WHAT TO PRODUCE :: Copy out nothing but the lines from the one holding "Samsung Galaxy A7" through the end of the entries below, exactly as written and without the pictures.

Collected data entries
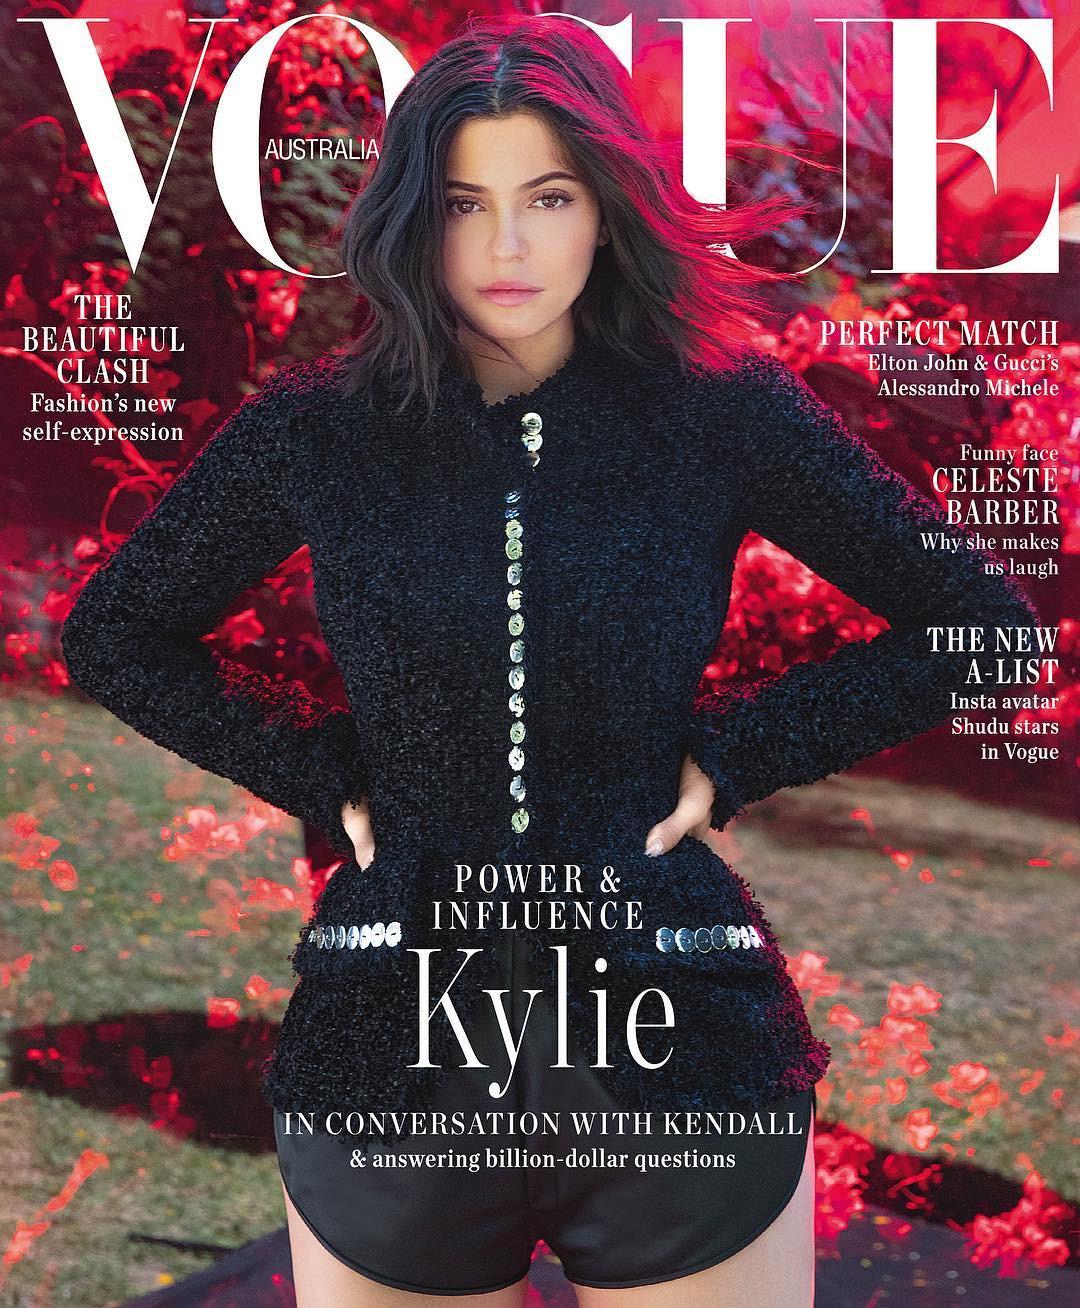 Kylie Jenner - ngôi sao quyền lực và gợi cảm nhất mạng xã hội 2018 - Hình 9
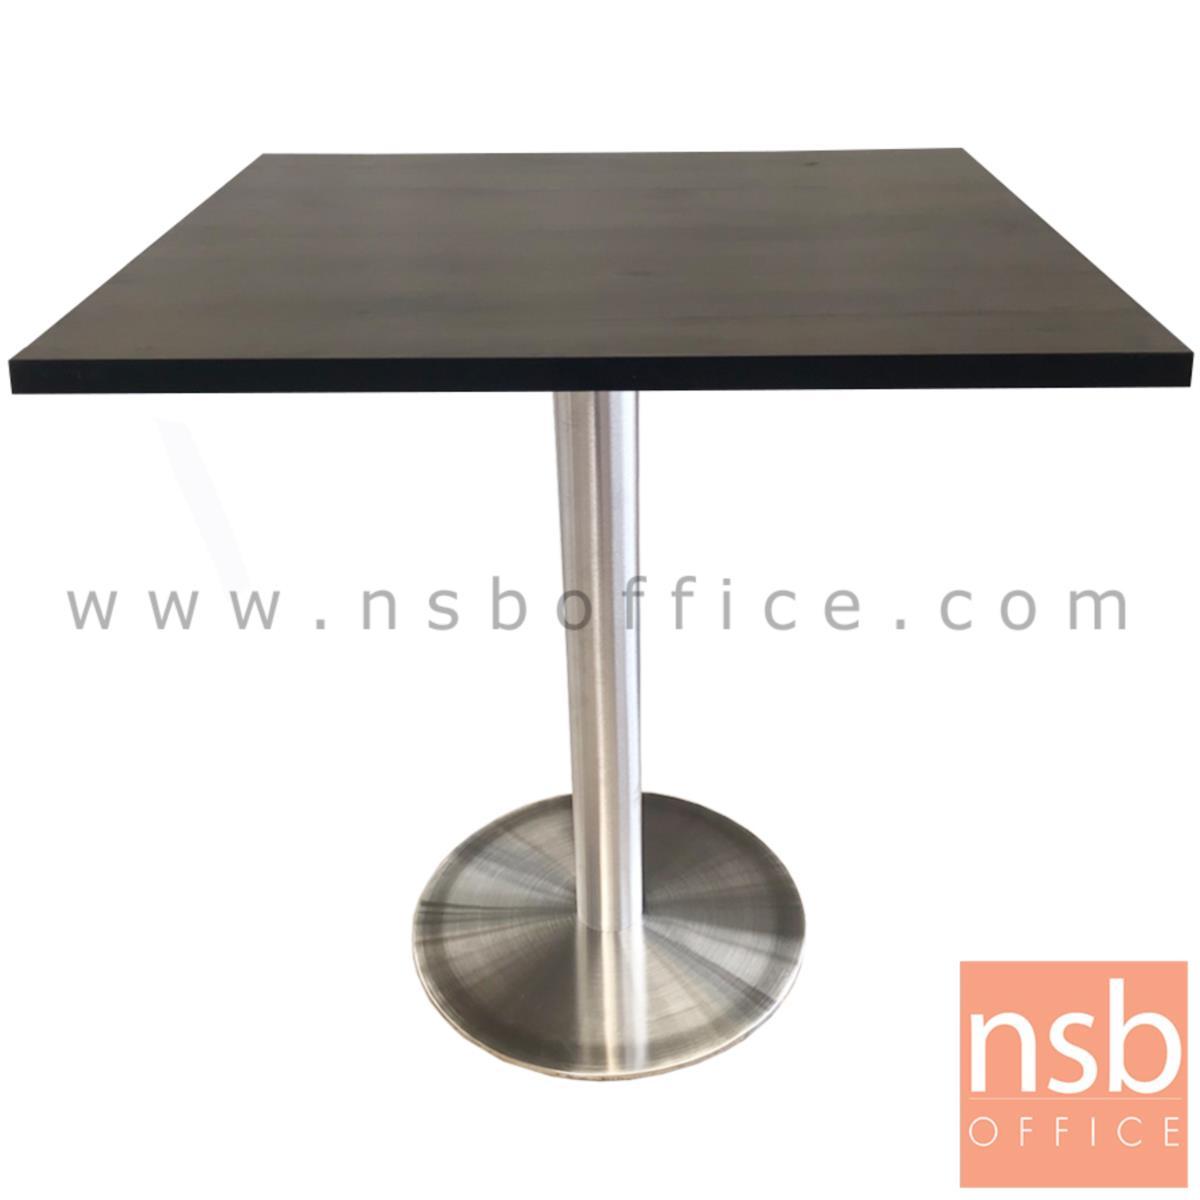 A14A177:โต๊ะบาร์ COFFEE รุ่น Fitzgerald (ฟิตซ์เจอรัลด์) ขนาด 60W ,70W ,80W ,60Di ,70Di ,80Di cm.   ขาสแตนเลสฐานกลมแบน
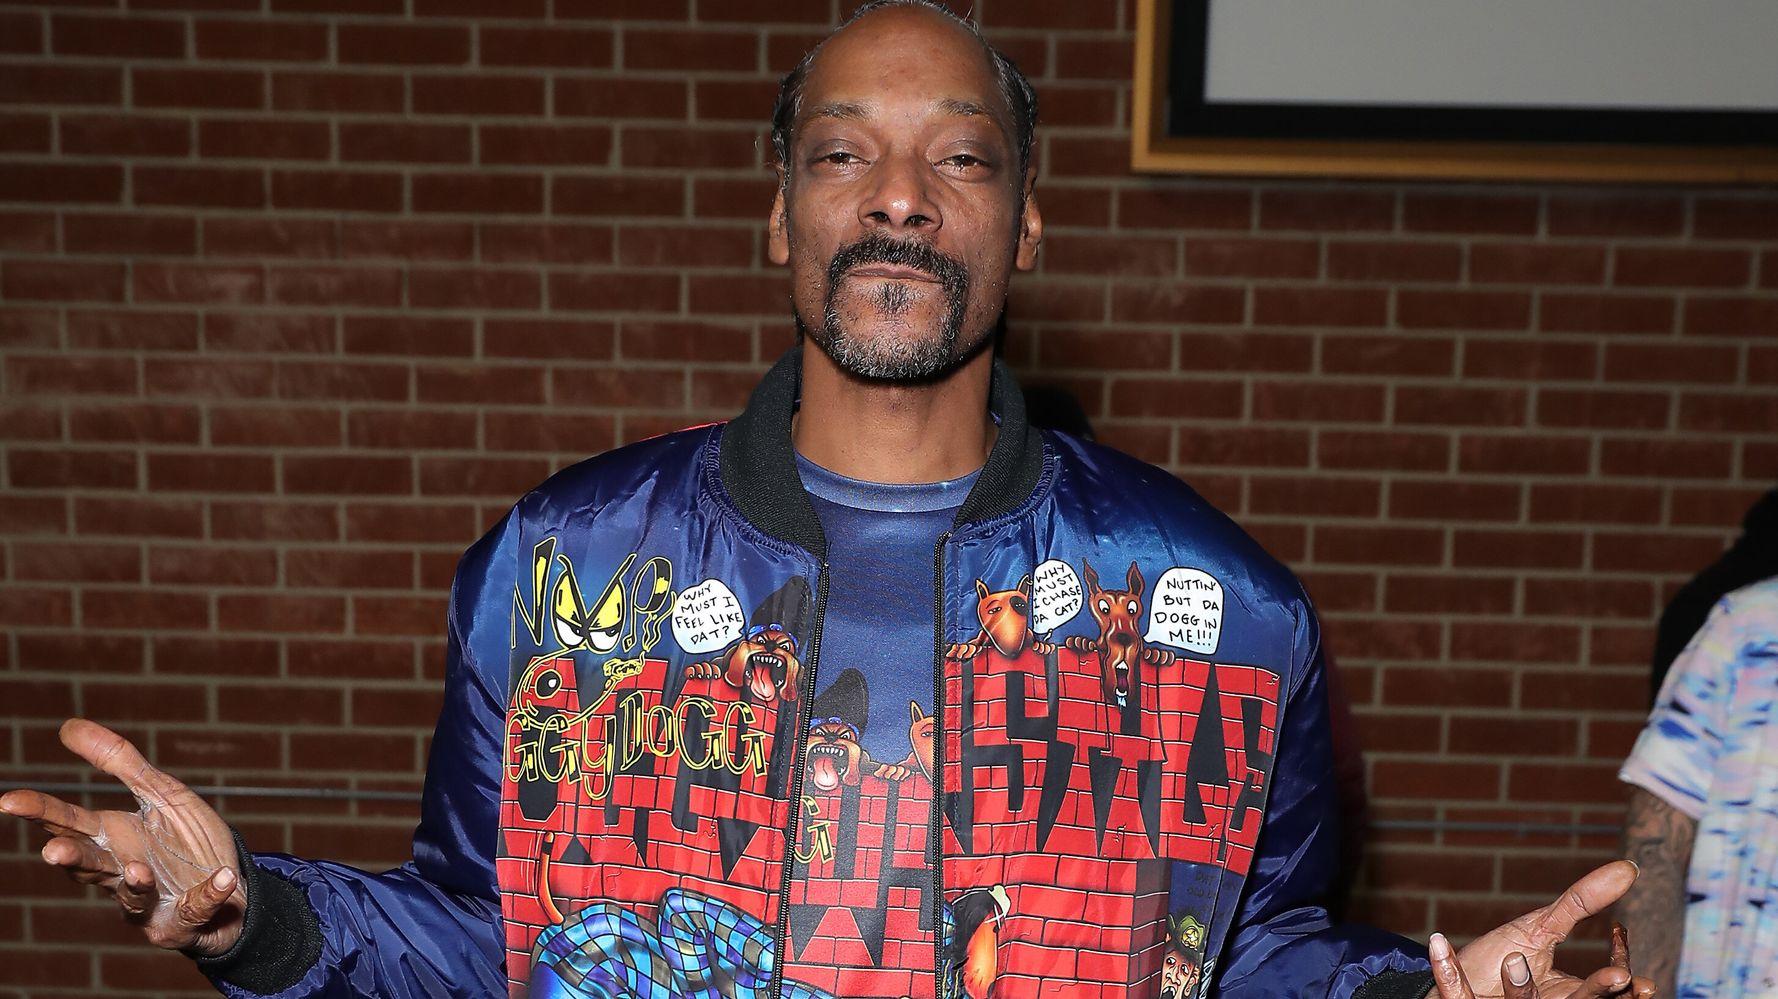 Snoop Dogg Rage выходит из Twitch, случайно оставляет прямую трансляцию включенной на 7 часов
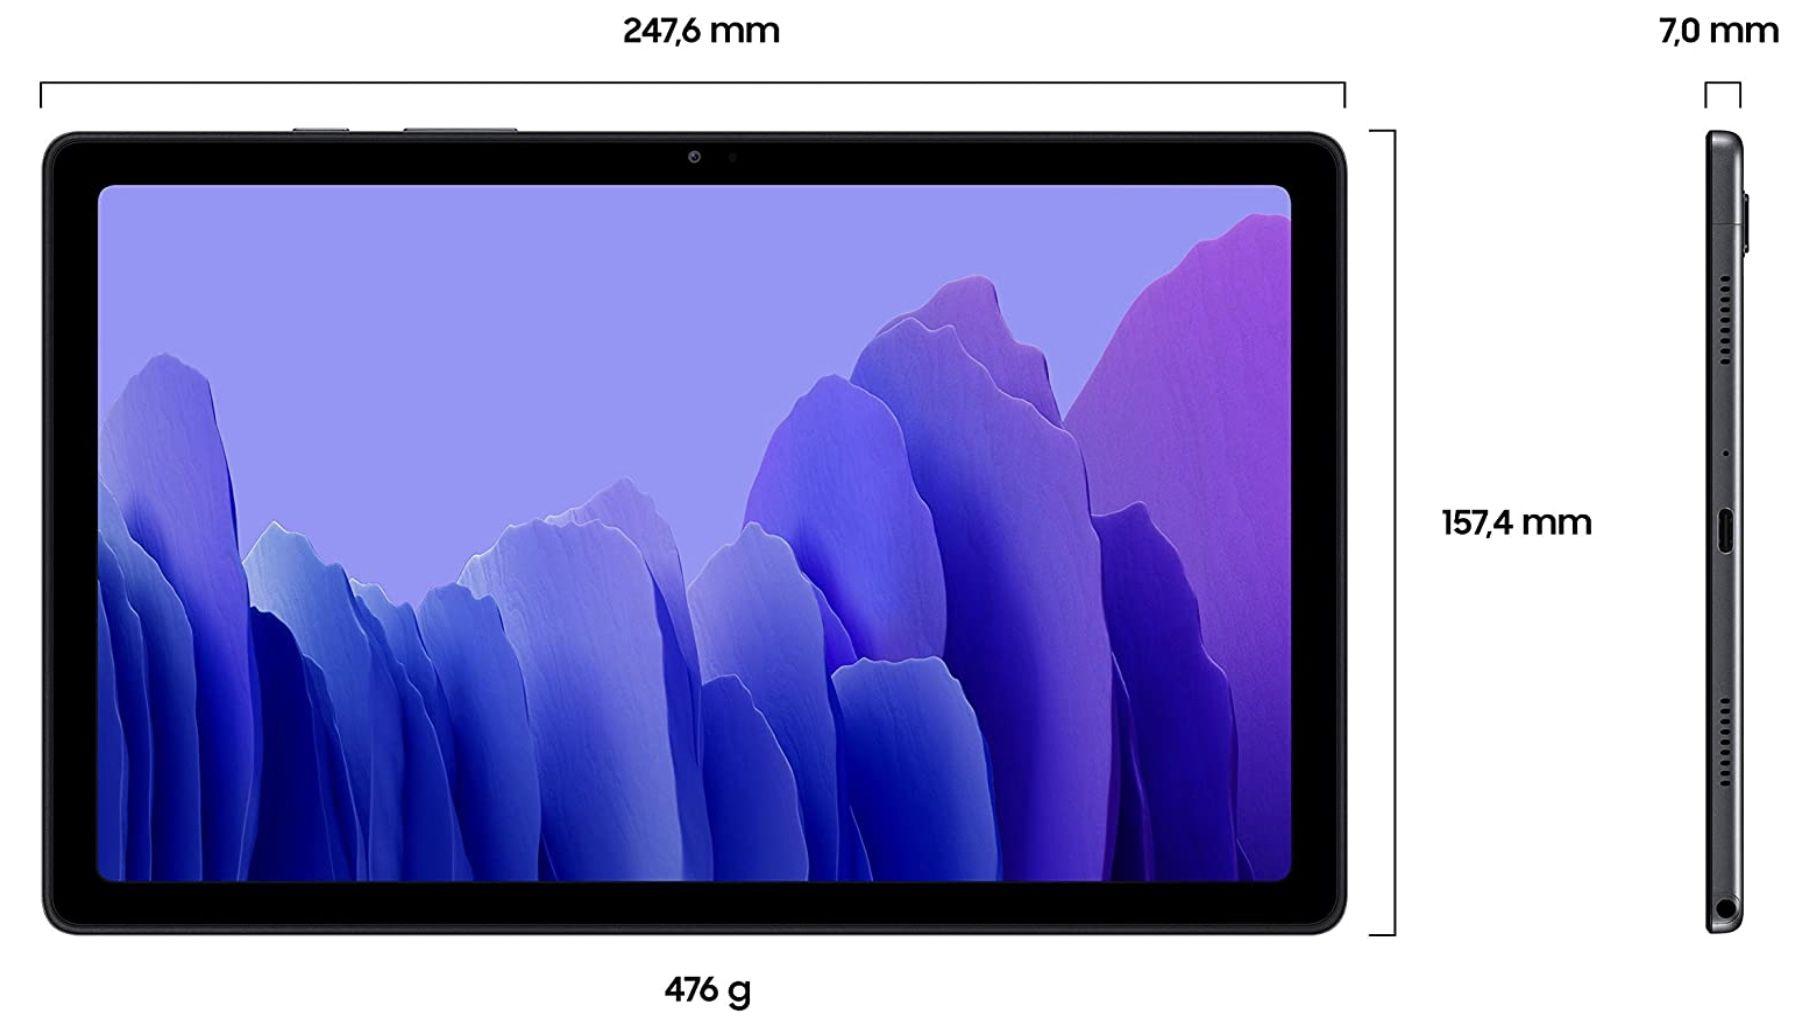 Samsung Galaxy A7 Tablet in Grau mit 7.040 mAh Akku, 10,4 Zoll TFT Display für 135€ (statt 159€)
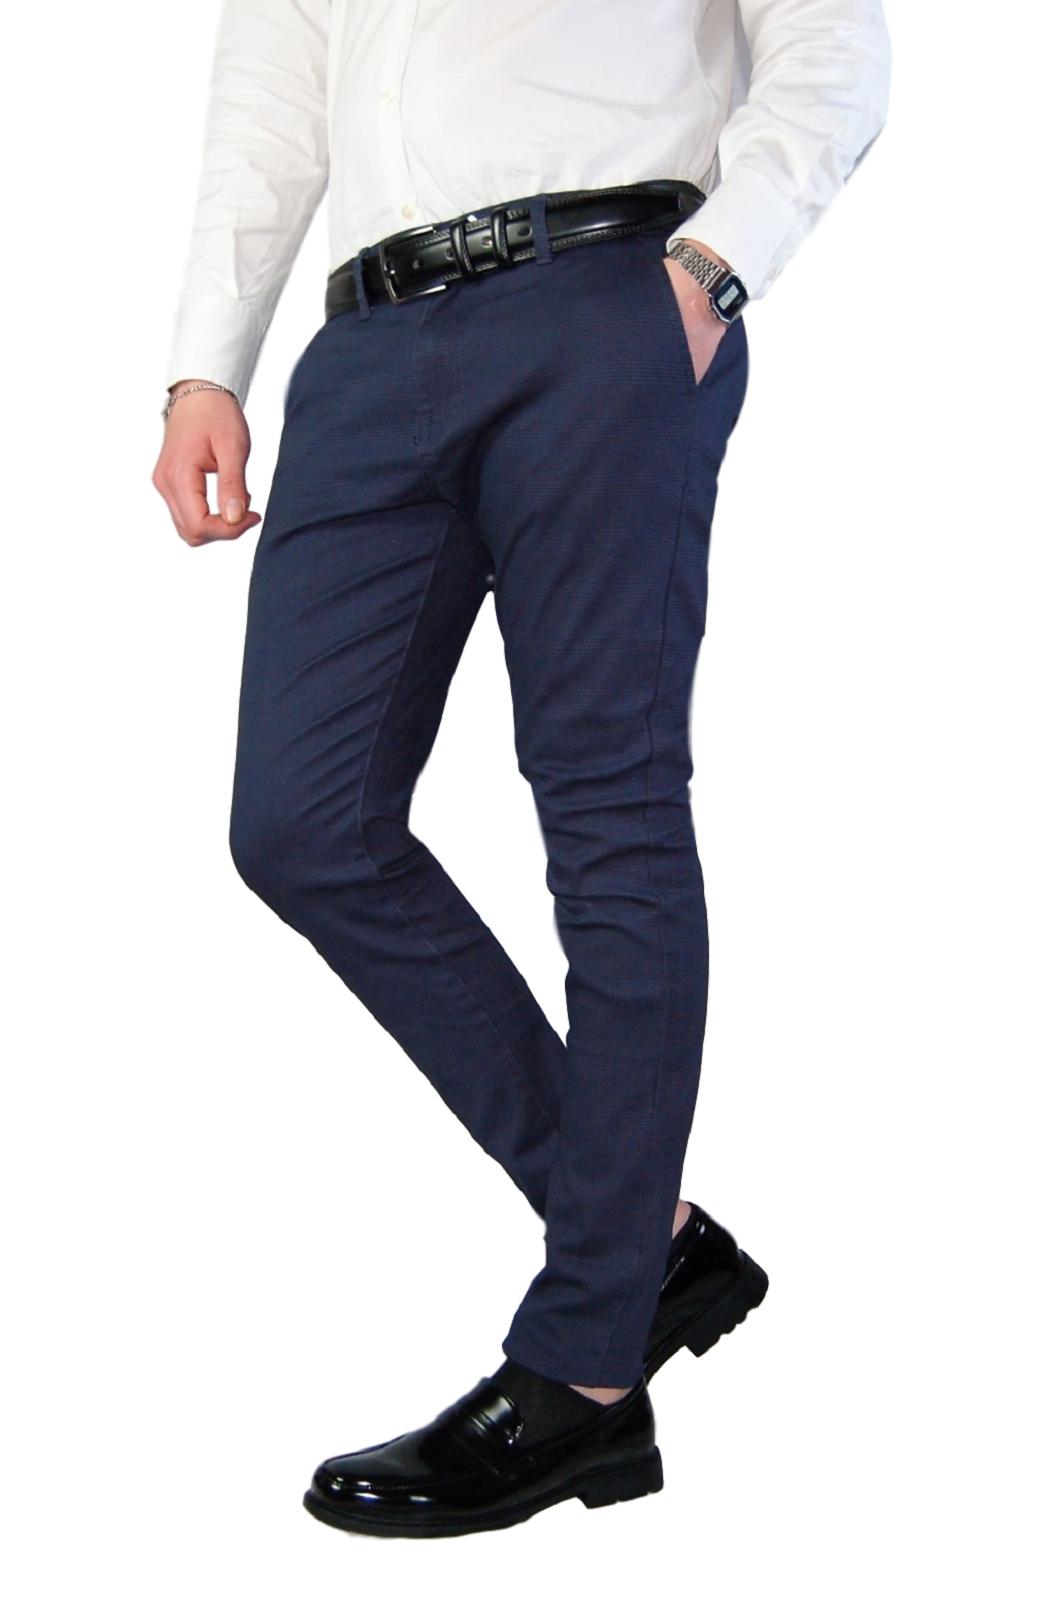 Pantalone-Uomo-Chino-Slim-Fit-Elegante-Quadri-Principe-di-Galles-Primaverile miniatura 10

RESULT FOR THIS TASK ::
 Samsung Galaxy A7 Tablet in Grau mit 7.040 mAh Akku, 10,4 Zoll TFT Display für 135€ (statt 159€)
 Pantalone-Uomo-Chino-Slim-Fit-Elegante-Quadri-Principe-di-Galles-Primaverile miniatura 10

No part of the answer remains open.